With Amazon Elastic MapReduce (Amazon EMR) you can analyze and process vast amounts of data. The cluster is managed using an open-source framework called Hadoop. You have set up an application to run Hadoop jobs. The application reads data from DynamoDB and generates a temporary file of 100 TBs. The whole process runs for 30 minutes and the output of the job is stored to S3.
Which of the below mentioned options is the most cost effective solution in this case?

A.
Use Spot Instances to run Hadoop jobs and configure them with EBS volumes for persistent data storage.
B. Use Spot Instances to run Hadoop jobs and configure them with ethereal storage for output file storage.
C. Use an on demand instance to run Hadoop jobs and configure them with EBS volumes for persistent storage.
D. Use an on demand instance to run Hadoop jobs and configure them with ephemeral storage for output file storage.

Correct Answer: B

Explanation:

Explanation: AWS EC2 Spot Instances allow the user to quote his own price for the EC2 computing capacity. The user can simply bid on the spare Amazon EC2 instances and run them whenever his bid exceeds the current Spot Price. The Spot Instance pricing model complements the On-Demand and Reserved Instance pricing models, providing potentially the most cost-effective option for obtaining compute capacity, depending on the application.
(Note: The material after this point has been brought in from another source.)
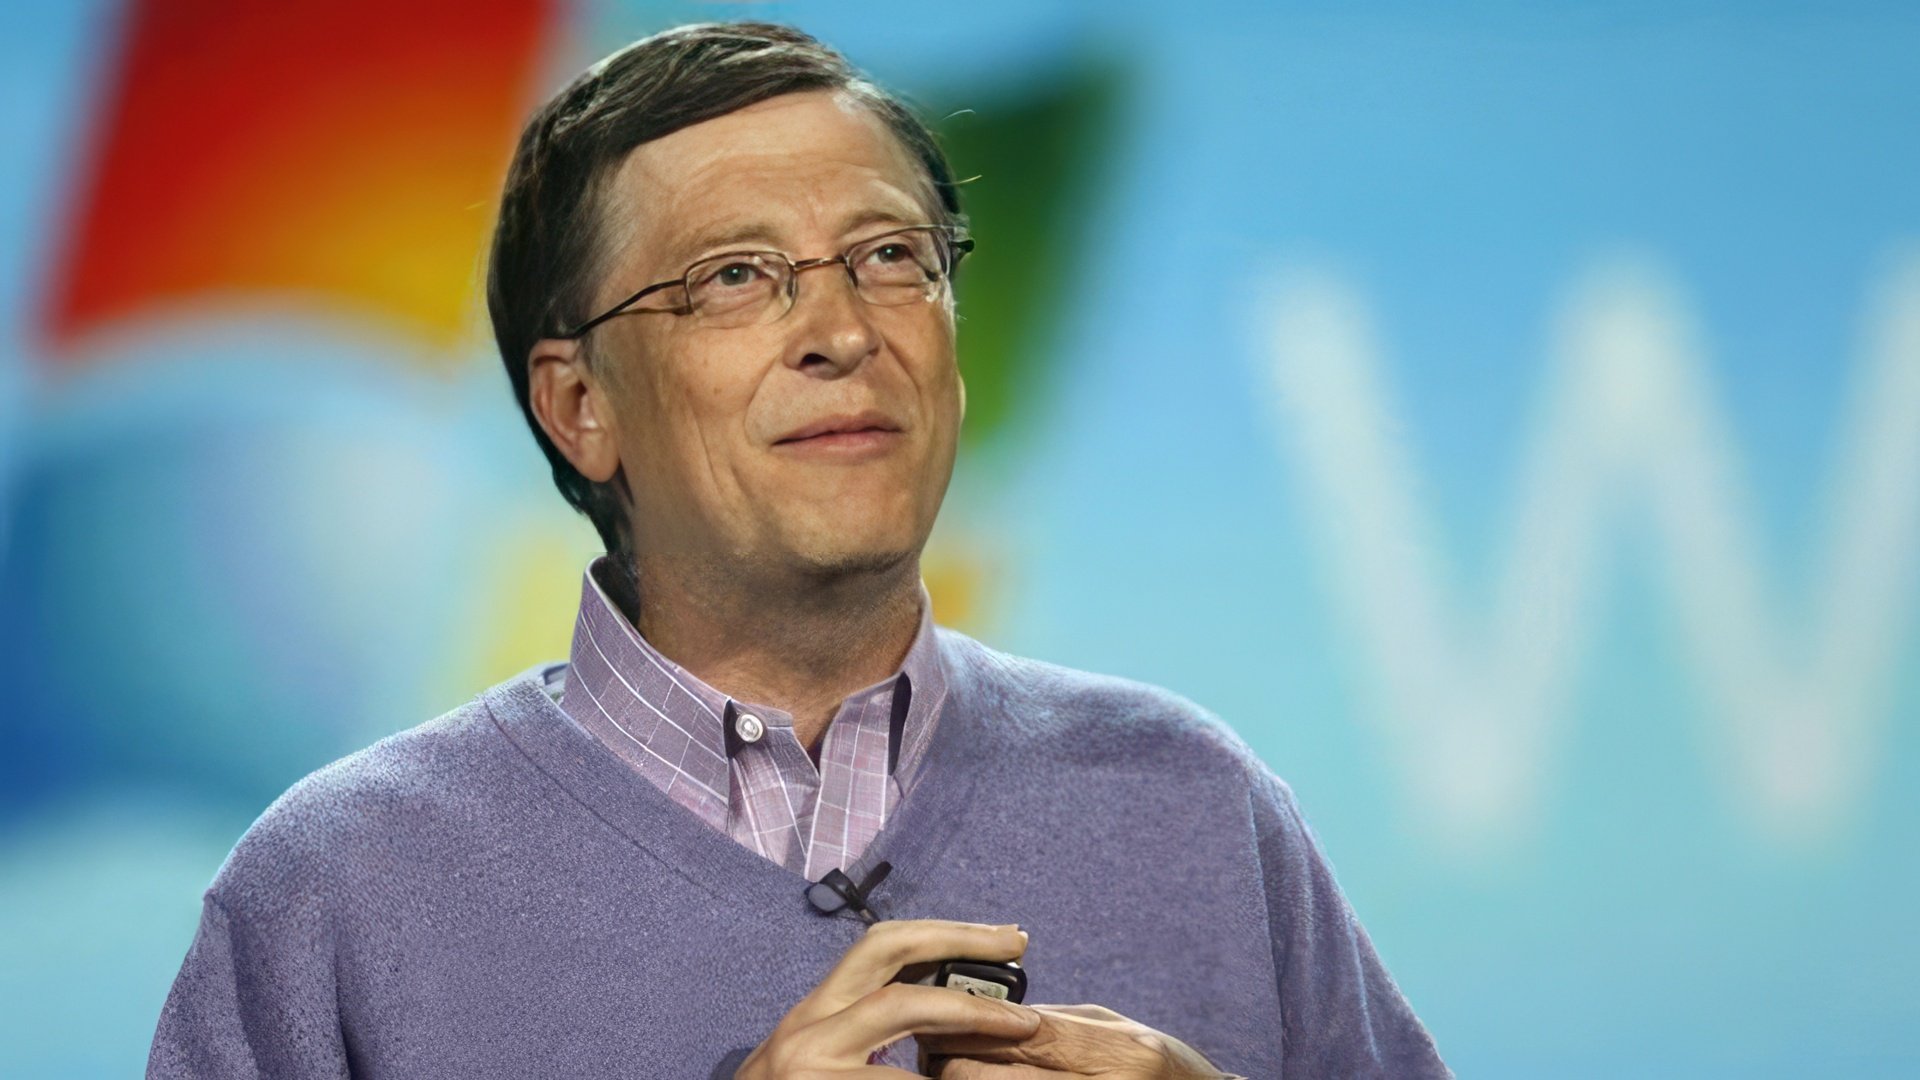 In June 2008, Bill Gates stepped down as the head of Microsoft

The only challenge with a Spot Instance is data persistence as the instance can be terminated whenever the spot price exceeds the bid price. In the current scenario a Hadoop job is a temporary job and does not run for a longer period. It fetches data from a persistent DynamoDB. Thus, even if the instance gets terminated there will be no data loss and the job can be re-run. As the output files are large temporary files, it will be useful to store data on ethereal storage for cost savings.
Reference:
http://aws.amazon.com/ec2/purchasing-options/spot-instances/